I recently picked up the new heater from Aquasabi, I was initially quite impressed.
mouldings are all nicely finished and on the outside, it looks like a well-designed unit, the box is nicely printed. 



 
It's amazingly similar to the Hydor unit, I would normally use the word "inspired by" but in this case, copied might be a better phrase. It does have a few upgrades like the idea of allowing different hose diameters and the LCD temp display. I'm not sure what the green button does I never got to turn it on.. 


 


 

Connecting the heater up I came up with my first issue, I'm using HI-Fitt Cristallio Extra 16-22mm clear hose (not JBL) and the gland nut doesn't even come close to tightening up.

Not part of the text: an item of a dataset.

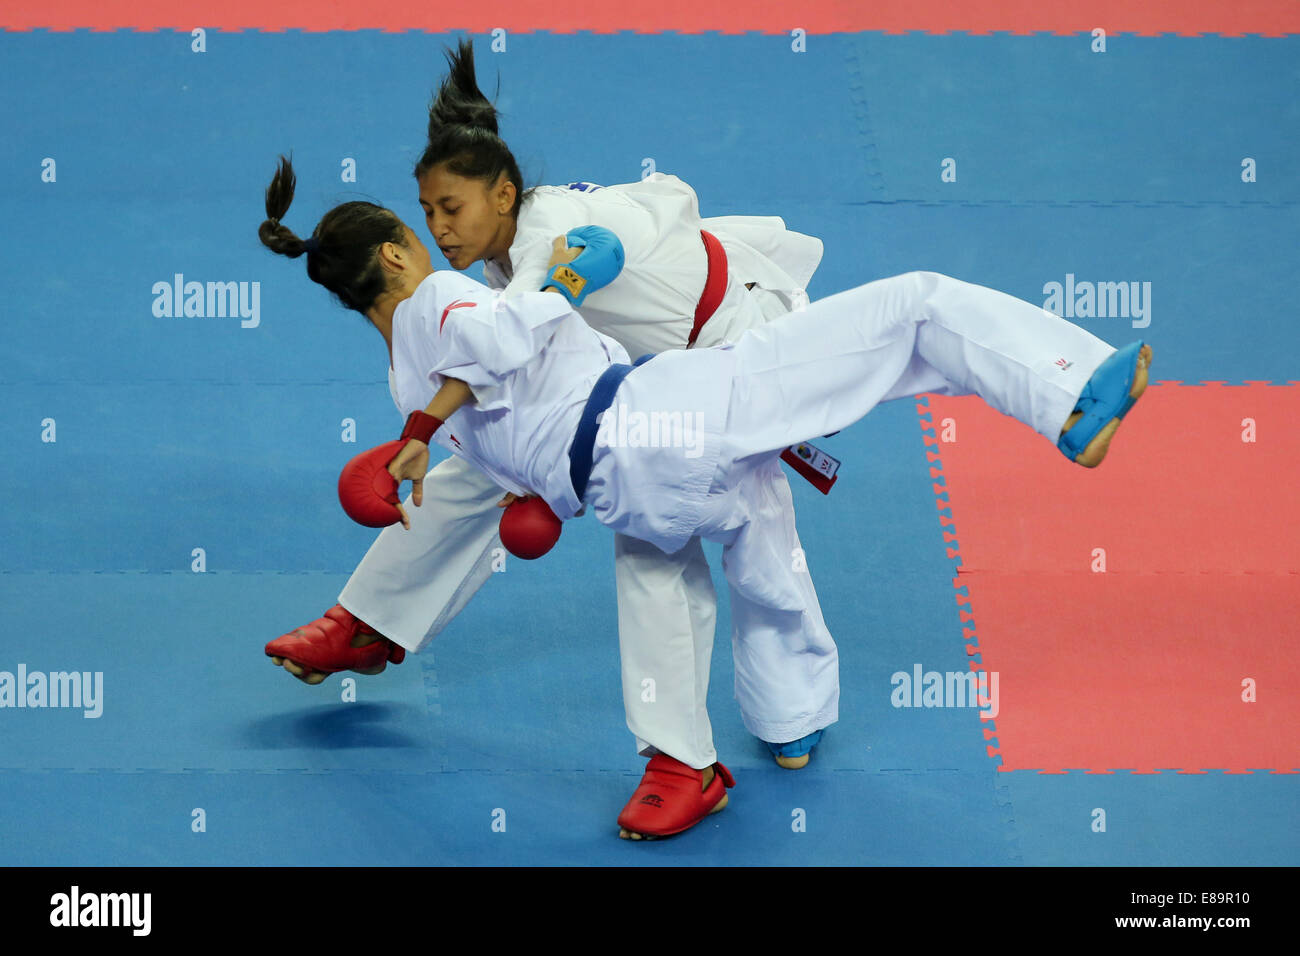 Incheon, South Korea. 3rd Oct, 2014. Yin Xiaoyan (lower) of China fights against Jefry Krisnan Syakilla Salni Binti of Malaysia during the women's -61kg semifinal contest of karate at the 17th Asian Games in Incheon, South Korea, Oct. 3, 2014. Yin Xiaoyan lost 0-2. © Zhang Fan/Xinhua/Alamy Live News Stock Photo

It just slides over the top of the hose.



 

 
This didn't bother me too much, I put it down to not using JBL hoses and had some good old trusty jubilee clips.

Big problems came when I turned on the water, there is an internal leak, so water pisses out all the holes in the case, as this internal leak it fills up the case and has got into the lcd, circuit board etc.. 

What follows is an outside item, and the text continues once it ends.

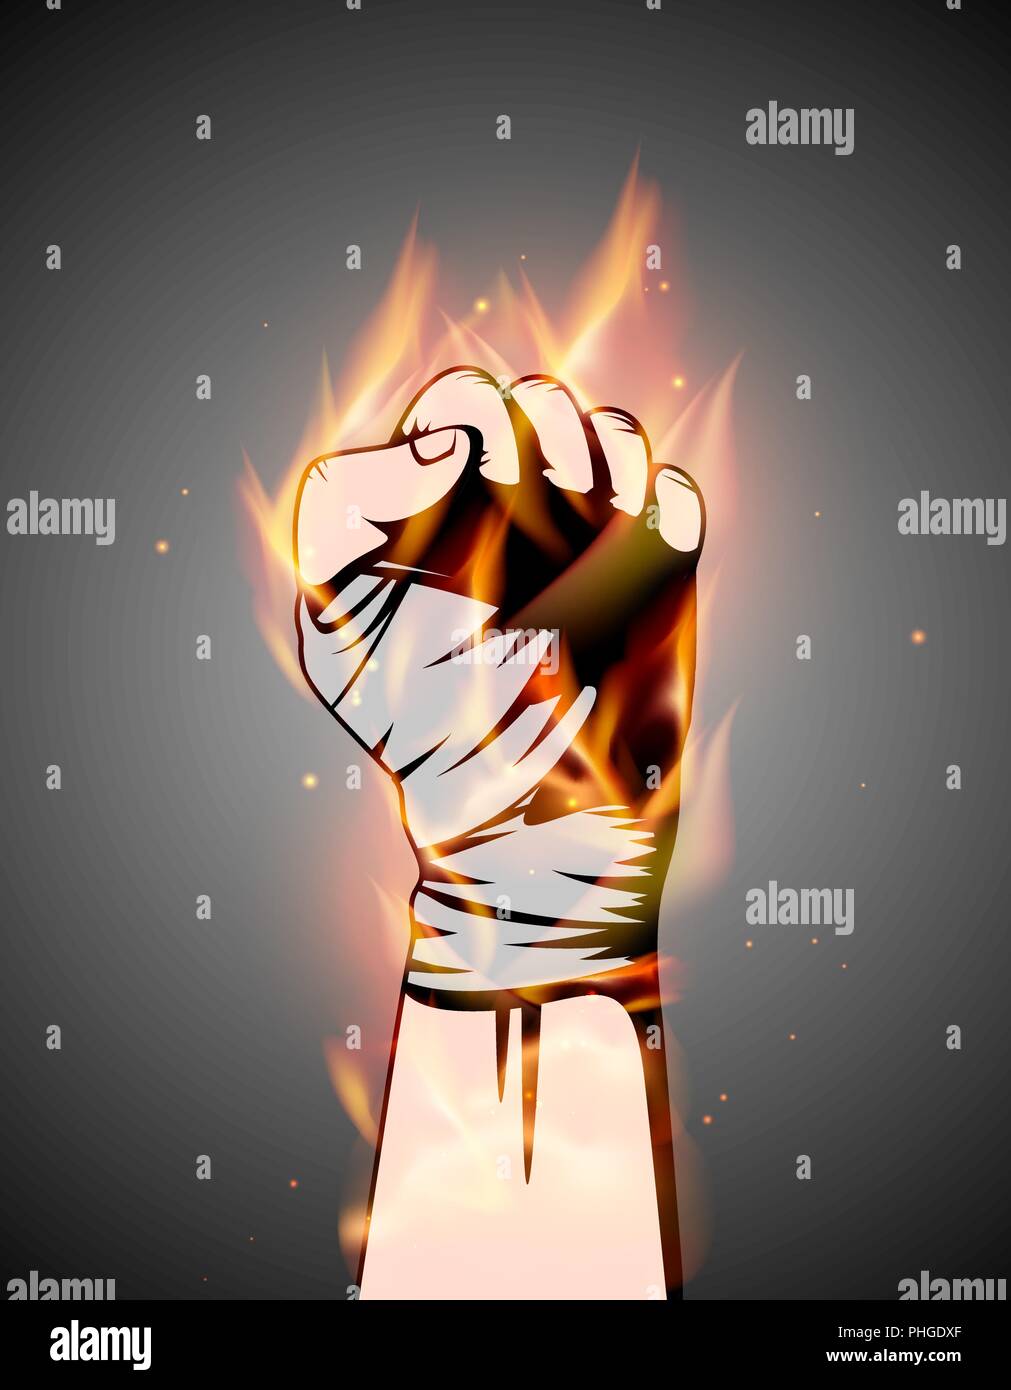 MMA or boxing burning bandage fist uplifted hand. Mixed martial arts fighting flame emblem or logo idea. Vector athletic symbol with fire. Stock Vector

I didn't dare turn it on..  I connected it to the mixer tap to check that I hadn't missed anything.

I've uploaded a video here



 

I spoke to Aquasabi who have contacted JBL, hopefully, I'll hear back soon.. 

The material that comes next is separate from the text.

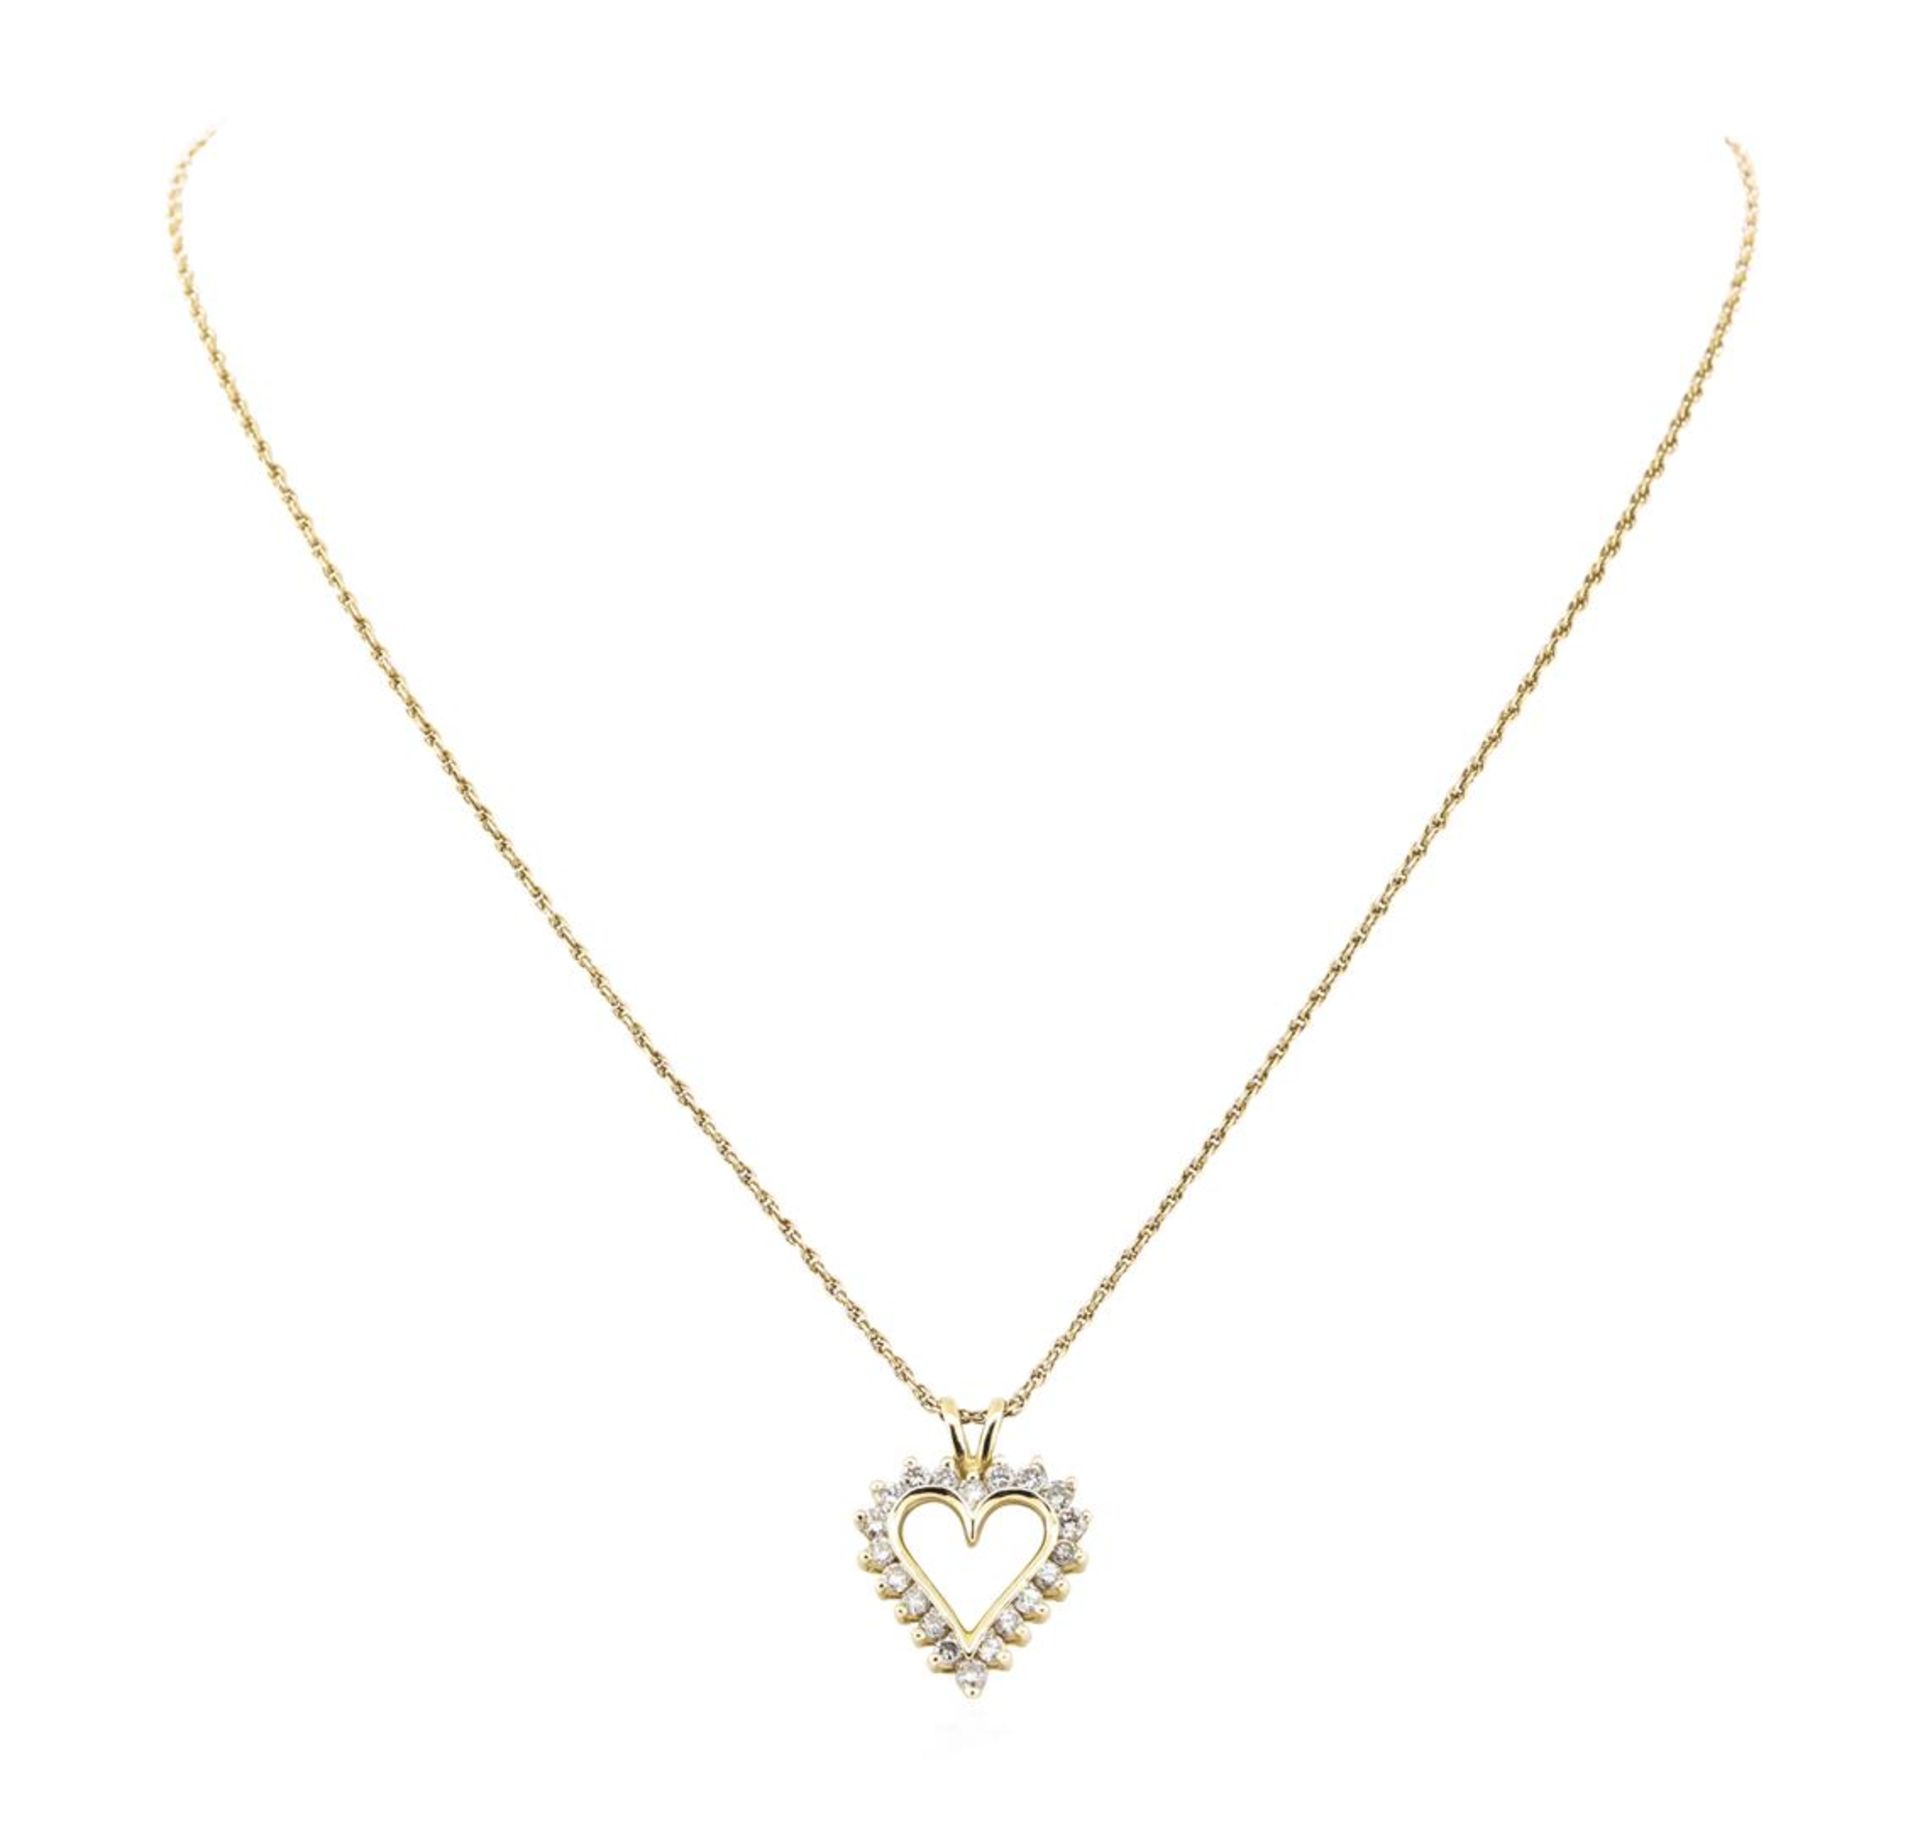 1.00 ctw Diamond Heart Shaped Pendant with Chain - 14KT Yellow Gold - Image 2 of 2

In the meantime, if anyone else buys one please check that if you seal one end you can't still blow air in it..


----------



## Wookii (20 Jan 2020)

Thats a shame to read - JBL stuff is normally pretty good. That said, it looks suspiciously like the SunSun External heater, which is also sold on eBay and Amazon under various other (presumably Chinese) brands: Amazon - so I'm guessing JBL just rebadged it.


----------



## Barbara Turner (20 Jan 2020)

It does look amazingly similar. Even with the same 300w and 500w options.
It looks like it's out the same tooling. 

I got the replacement heater sent out from Aquasabi, touch wood its all working perfectly. 

I would like to think that JBL are doing a few extra quality checks but if my first one leaked like a sieve and they didn't pick up on it. It makes you wonder.


----------



## Witcher (29 Feb 2020)

Barbara Turner said:


> Connecting the heater up I came up with my first issue, I'm using HI-Fitt Cristallio Extra 16-22mm clear hose (not JBL) and the gland nut doesn't even come close to tightening up. It just slides over the top of the hose.


I'm afraid this is not how this thing works, gland nut is supposed to tighten the hose from the bottom, not the top. First screw gland nut down the unit, then attach the hose, then screw gland up to the hose to tighten it up.


----------



## Barbara Turner (29 Feb 2020)

Witcher said:


> I'm afraid this is not how this thing works, gland nut is supposed to tighten the hose from the bottom, not the top. First screw gland nut down the unit, then attach the hose, then screw gland up to the hose to tighten it up.



It's not great, Its an easy enough metal off tooling mod that I'm surprised quality team at JBL didn't pick up on.

To be fair I don't know if my hose is really 16mm Id / 22mm OD and how it compares to JBL own hose.  Being a flexible hose it's not the easiest thing to measure.


----------



## Michal550 (29 Feb 2020)

Wookii said:


> Thats a shame to read - JBL stuff is normally pretty good. That said, it looks suspiciously like the SunSun External heater, which is also sold on eBay and Amazon under various other (presumably Chinese) brands: Amazon - so I'm guessing JBL just rebadged it.


every single jbl product I had failed so not so good mate.


----------